Collections in WHG are sets of datasets. Registered users can link public datasets they own (or co-own), for purposes of presentation and filtering of searches. In our next release, it will be possible to create collections from individual records or groups of records by several means.
Creators of gazetteers for a particular region and period are increasingly interested in linking their data with projects that have overlapping spatial and/or temporal coverage. Loosely joining datasets in the WHG platform can potentially generate rich "focus regions," within the platform, effectively combining the efforts of numerous specialized projects.

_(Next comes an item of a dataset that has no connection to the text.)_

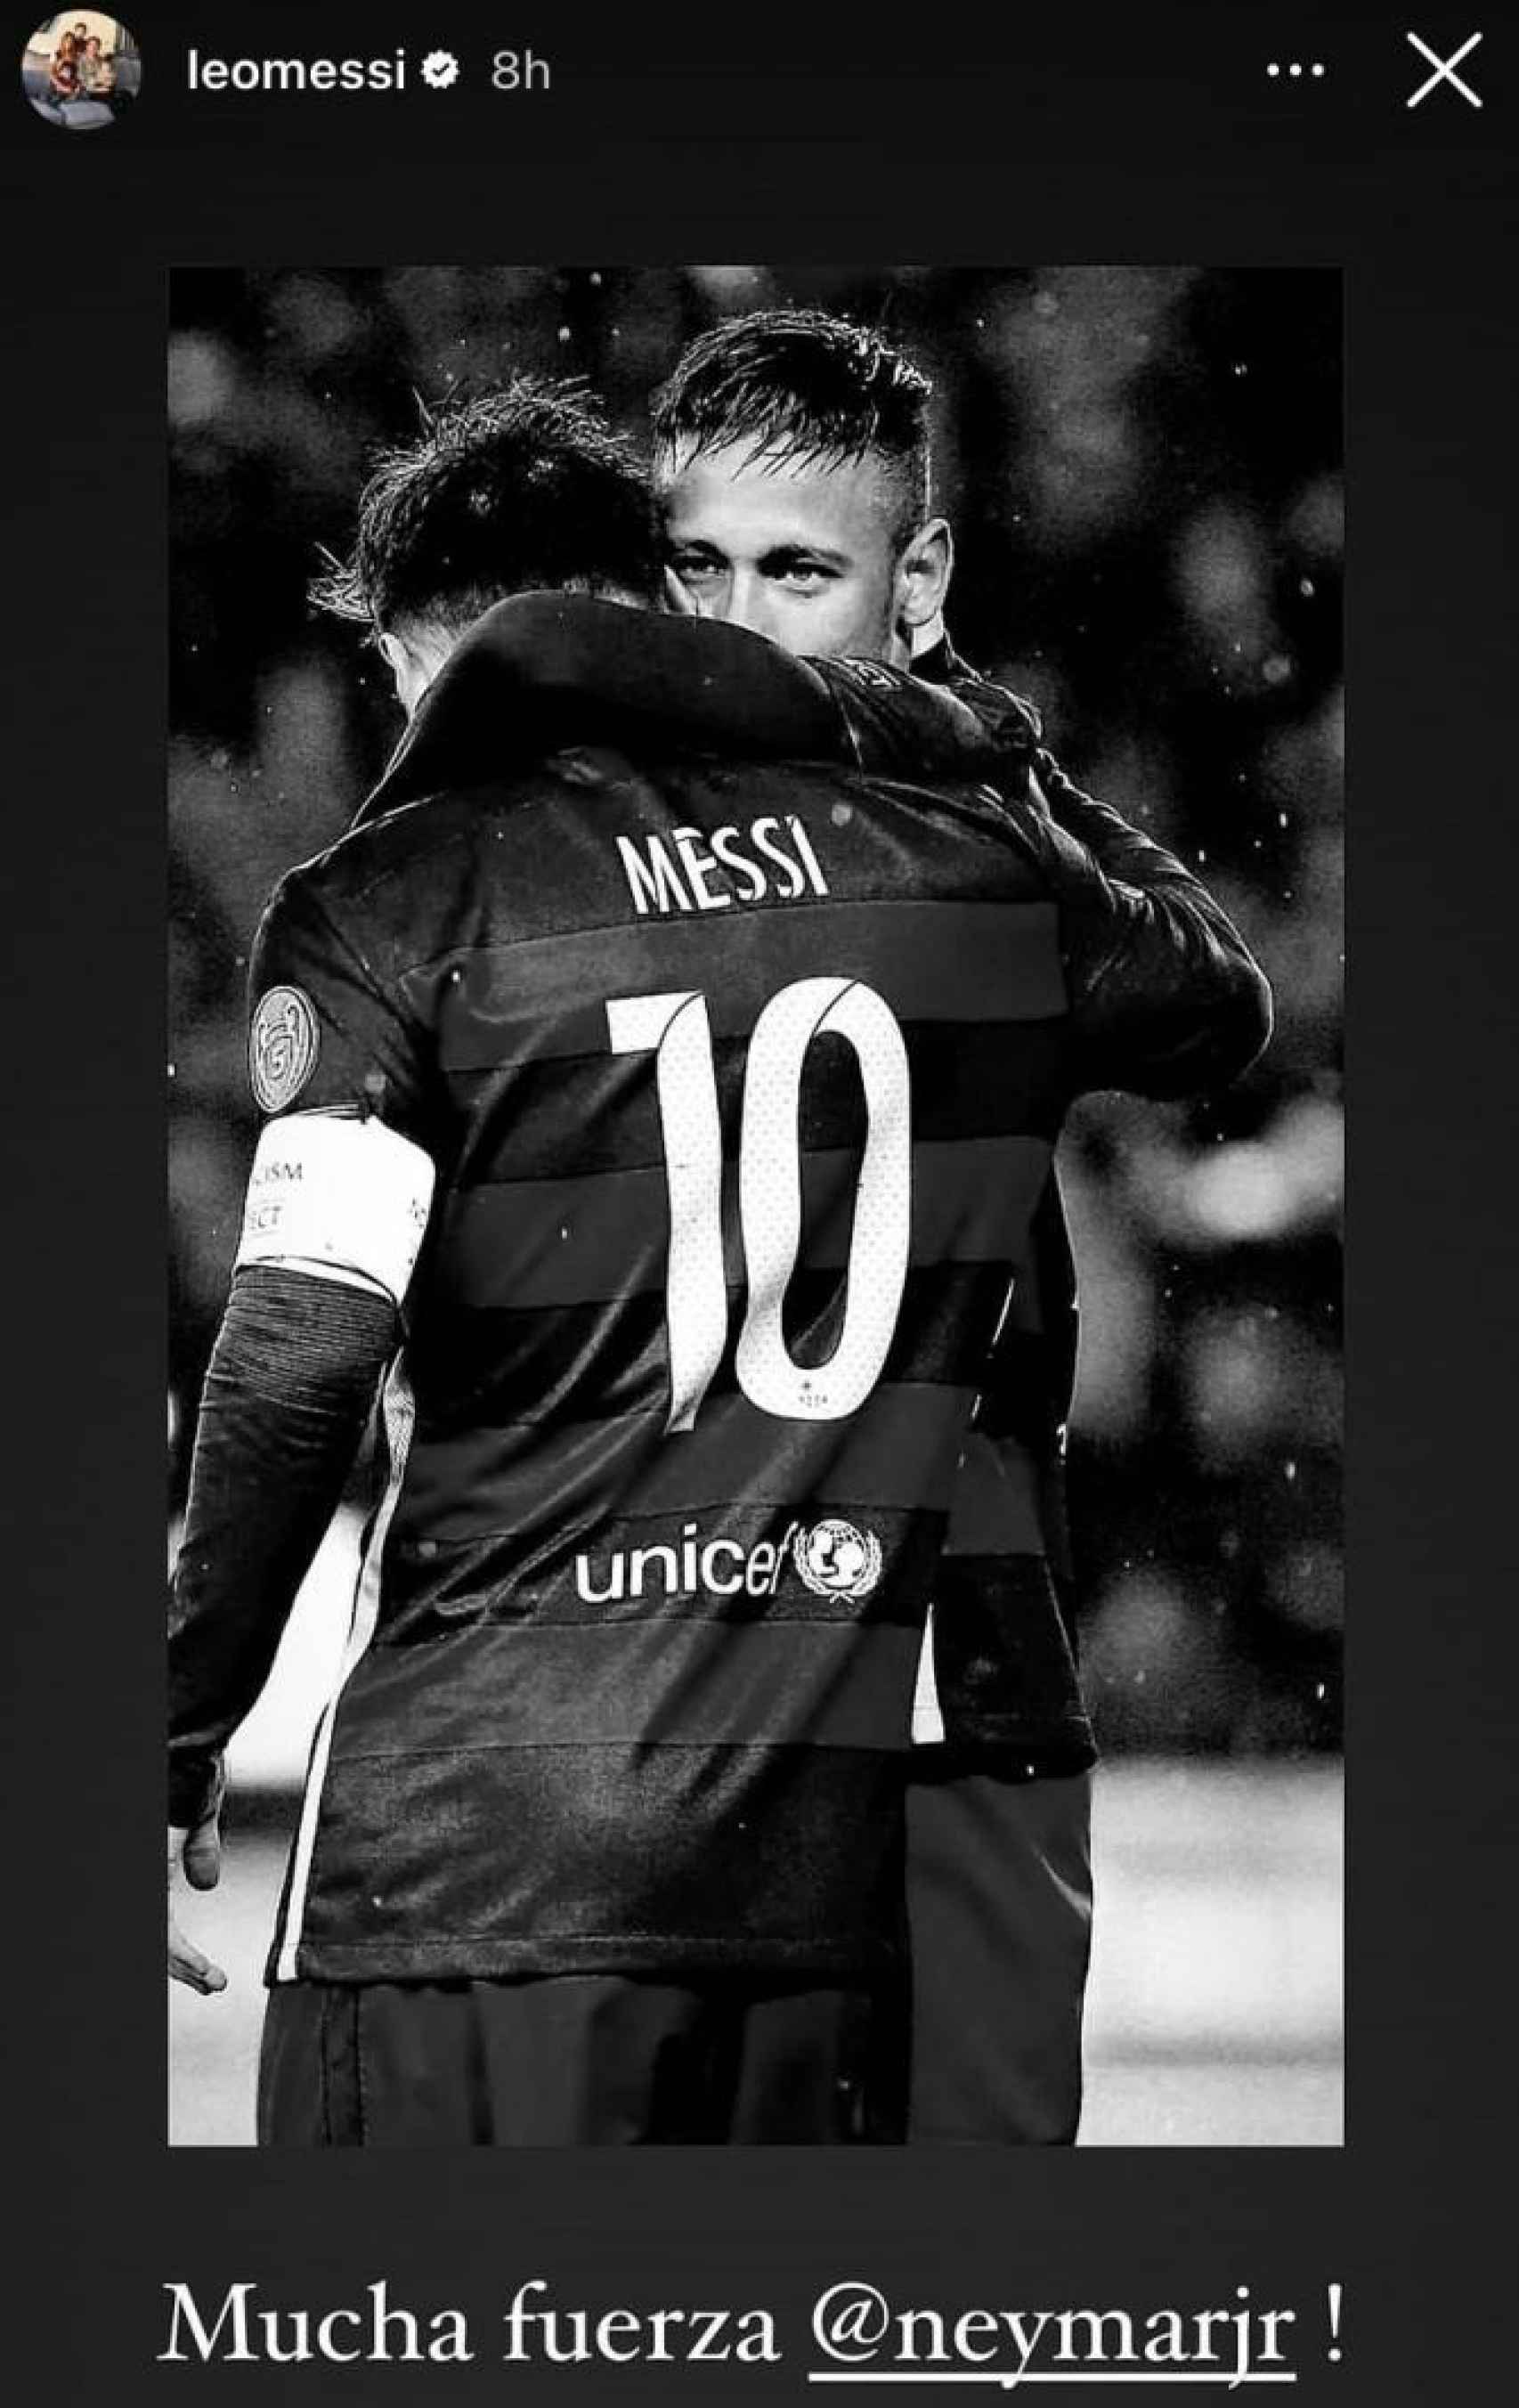 El mensaje de apoyo de Messi a Neymar en su "peor momento" tras conocerse  su grave lesión

For example, the Humanities Cluster of the Royal Dutch Academies (KNAW HuC) has begun developing the "Dutch History" collection, which will ultimately link a few dozen datasets of settlements and administrative areas in historically Dutch territories around the globe.
Preliminary discussion have begin on several similar efforts, including for Colonial and pre-Colonial Latin America (LatAm), the Middle East, the Ottoman Empire, Central Eurasia, Early Modern Europe, and the geography of the Atlantic slave trade.
Collections can also be used to link datasets from a single contributor, as Werner Stangl has done with two datasets from his HGIS de las Indias project WHG collection]; [project site]. One dataset contains around 13,000 settlements (lugares), the other around 900 political and religious administrative areas (territorios) they lay within— with their 3,000+ spatial extents that changed over time.
Collections are created by listing two or more existing public datasets in a new Collection record, and describing it briefly in a short metadata form.
Collections are an important new feature in WHG, and we have only just begun implementing examples demonstrating their use and value. Two so far are the "focus regions" mentioned above and teaching applications.